Opponents of the expansion then appealed the decision to the Oregon Land Use Board of Appeals, which returned a decision in June.

What did LUBA say?

Opponents of the expansion pointed to three different alleged faults or “assignments of error” in the city council’s process of allowing the decision.

Those three assignments of error included a total of seven direct points.

LUBA ruled in favor of the city and Walmart on six of those seven points, but remanded the final one to the city for additional review and consideration.

What did LUBA remand?

While it may only be one of seven points, the issue that LUBA returned to the city is a big one.

LUBA found that the city did not properly consider whether or not the city’s nonconforming use code applied to the expansion.

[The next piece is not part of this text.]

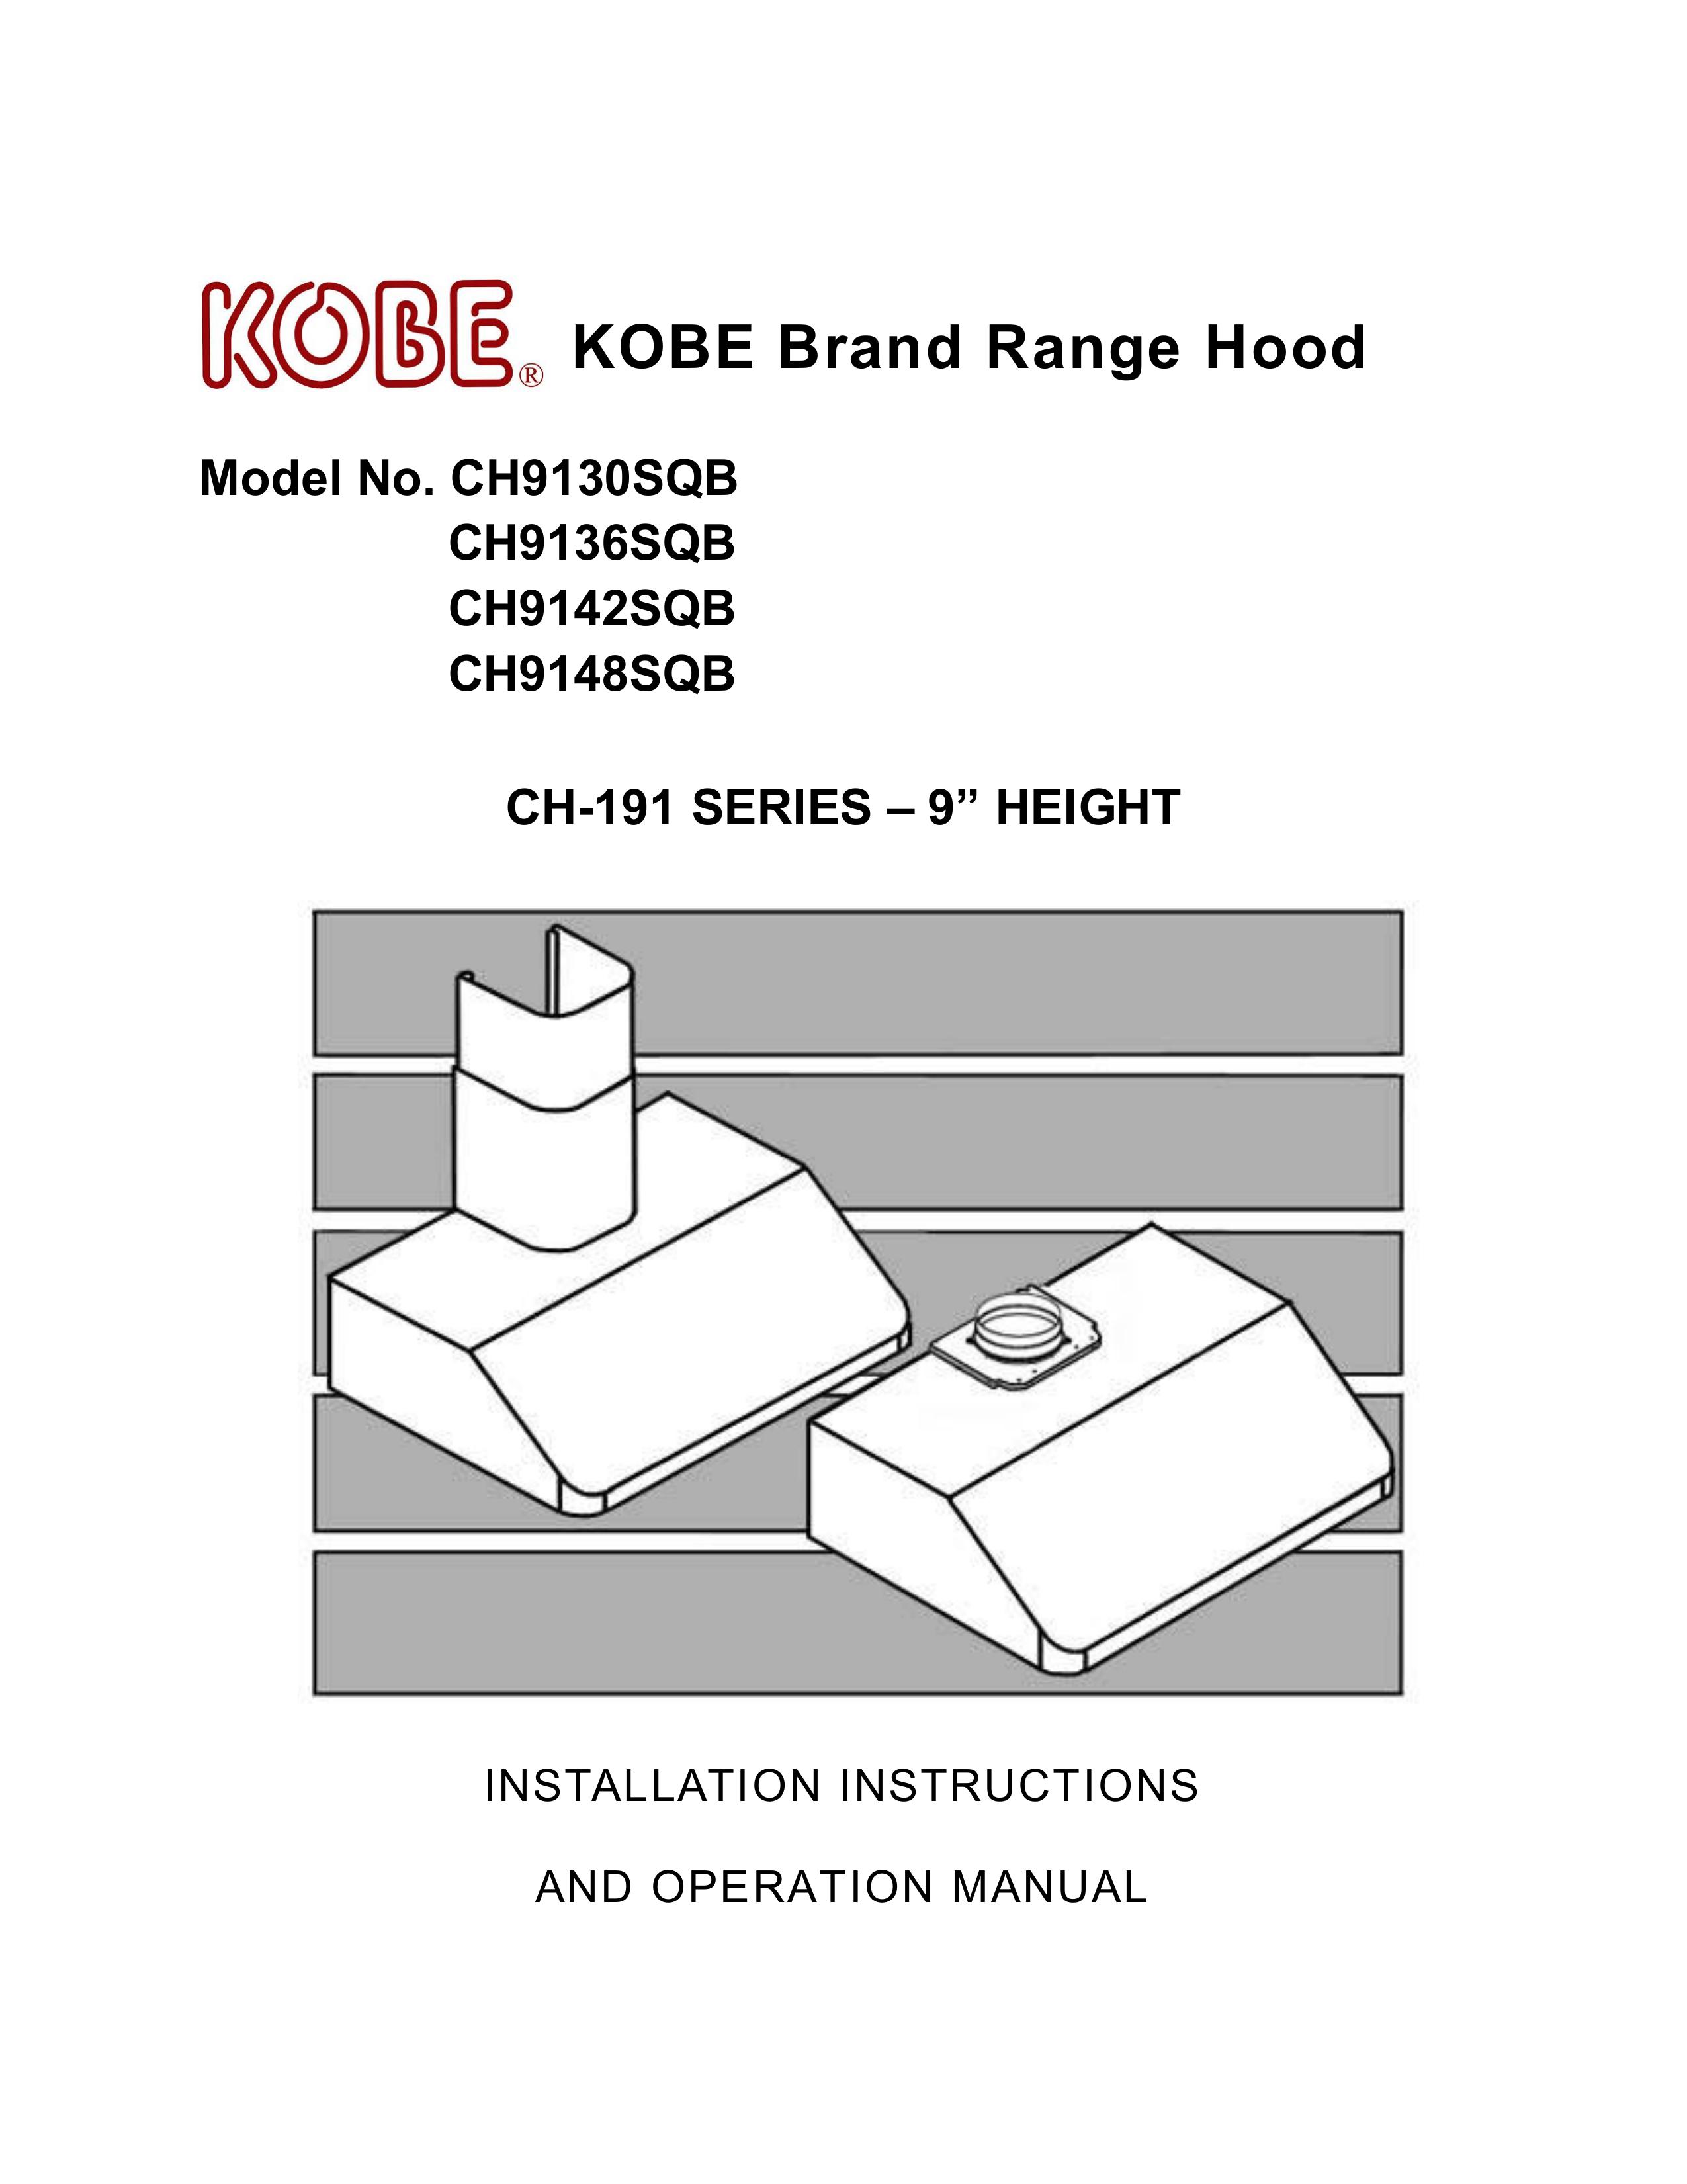 Kobe Range Hoods CH9148SQB Ventilation Hood User Manual

City of Hood River information on Wal-Mart remand

Information and links provided by the city of Hood River regarding the LUBA remand of the city's decision to allow a 30,00 sq ft expansion at the Hood River Wal-Mart.

[T]he city has adopted legislation, at HRMc 17.05, which provided that a nonconforming use is lost if discontinued for any reason for more than 12 consecutive months. Remand is necessary for the city to address the discontinuance issue … and adopt findings, presumably based on HRMC 17.05, that determine in the first instance whether Walmart’s vested right was lost through discontinuance.

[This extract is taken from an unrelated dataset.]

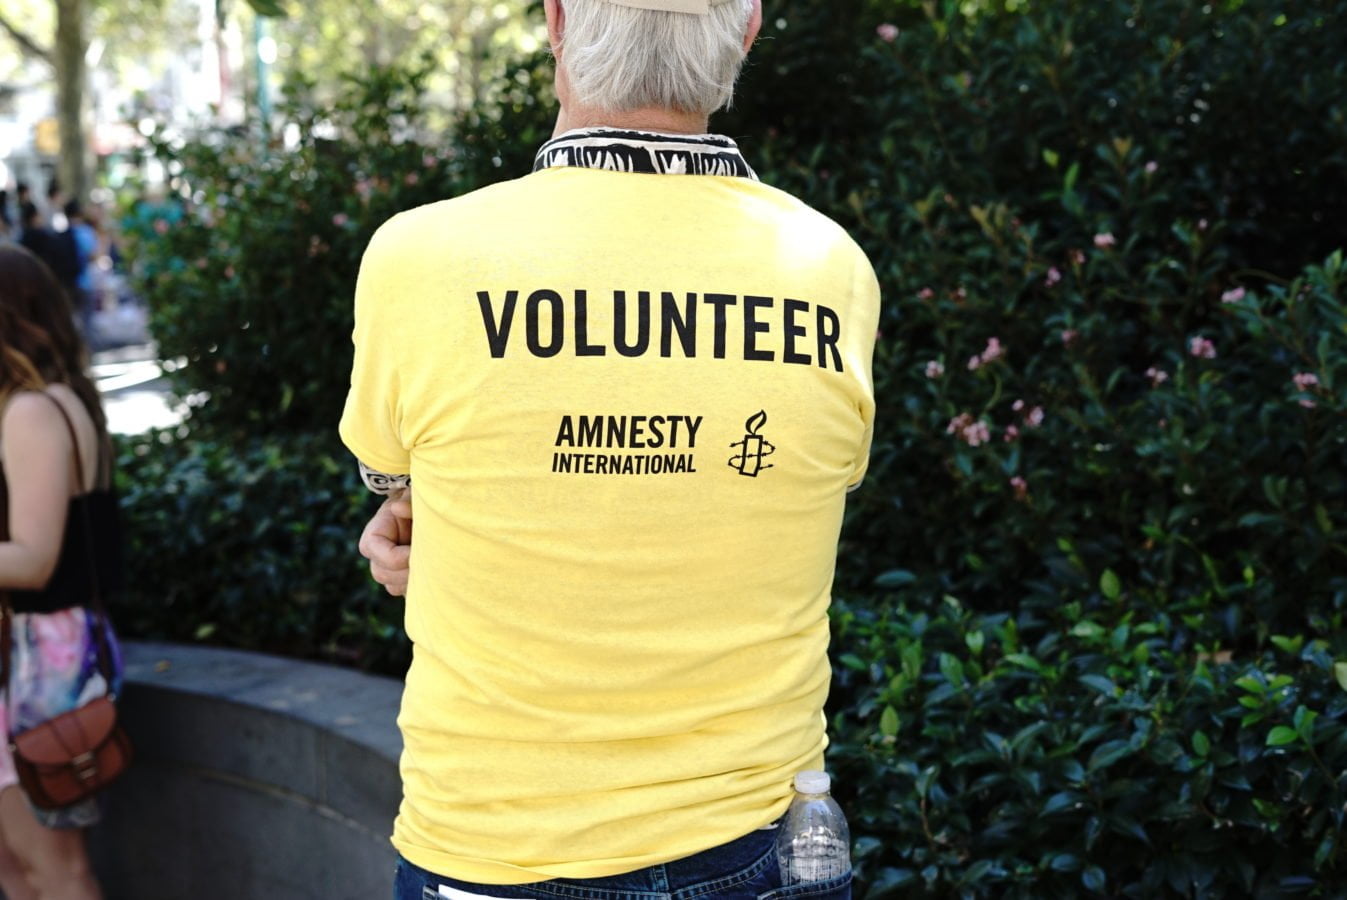 Volunteer wearing a yellow amnesty shirt

How did LUBA arrive at its decision?

LUBA based its remand order largely on two prior cases: Fountain Village Development vs. Multnomah County and John Crosley vs. Columbia County.

Both cases cover the loss of vested rights through discontinuance or abandonment of a project, which in the instance of both cases was a rural residence on county property.

How is this case different from those two?

Both fountain village and Crosley dealt with counties, which have non-conforming use regulations applied through state law.

Oregon Revised Statutes section 215.103 (7)(a), which covers the alteration of non-conforming uses, states: “Any use described in subsection (5) of this section may not be resumed after a period of interruption or abandonment unless the resumed use conforms with the requirements of zoning ordinances or regulations applicable at the time of the proposed resumption.”

The city (correctly, as noted by LUBA) determined that ORS 215.103 did not apply to the Walmart expansion.

However, LUBA noted “that only begs the question: What authority does govern the question of discontinuance of the vested right claim by Walmart in the present case?

In approving the Walmart expansion, the city relied heavily on the case of Clackamas County vs. Holmes, which established common law doctrine on vested rights.

However, LUBA said the city did not consider the findings of Fountain Village and Crosley, which evolved out of the Holmes findings.

“{Discontinuance is potentially an issue under any application of the Holmes common law vested rights doctrine, even if no other legislation applies. As a refinement of that doctrine, Fountain Village and Crosley indicate that if the local government has adopted legislation governing discontinuance of a non-conforming use, that legislation will also apply to discontinuance of a vested right,” LUBA wrote in its remand decision.

Does the city have legislation which applies to the situation?

That depends on which side you listen to.

Hood River Municipal Code Chapter 17.05 deals with non-conforming uses. The Walmart store is currently a non-conforming use, after the parcel it occupies was rezoned in 1997.

HRMC 17.05.020 states in part:

“A nonconforming use shall not be expanded or moved to occupy a different or greater area of land, building, or structures than the use occupied at the time it became nonconforming … If a nonconforming use is discontinued for any reason for more than twelve (12) consecutive months, any subsequent use shall conform to all of the regulations of the subject zone. For the purpose of this ordinance, rental payments, lease payments, or the payment of taxes shall not be alone or together sufficient to constitute continuance of the use.”

Prior to 1999 the city also had an additional area of non-conforming use code on the books, HRMC 17:05.10 (e), which was eliminated in a code re-write in 1999, was in effect when the Walmart became a non-conforming use, but has no current analogue in the city code.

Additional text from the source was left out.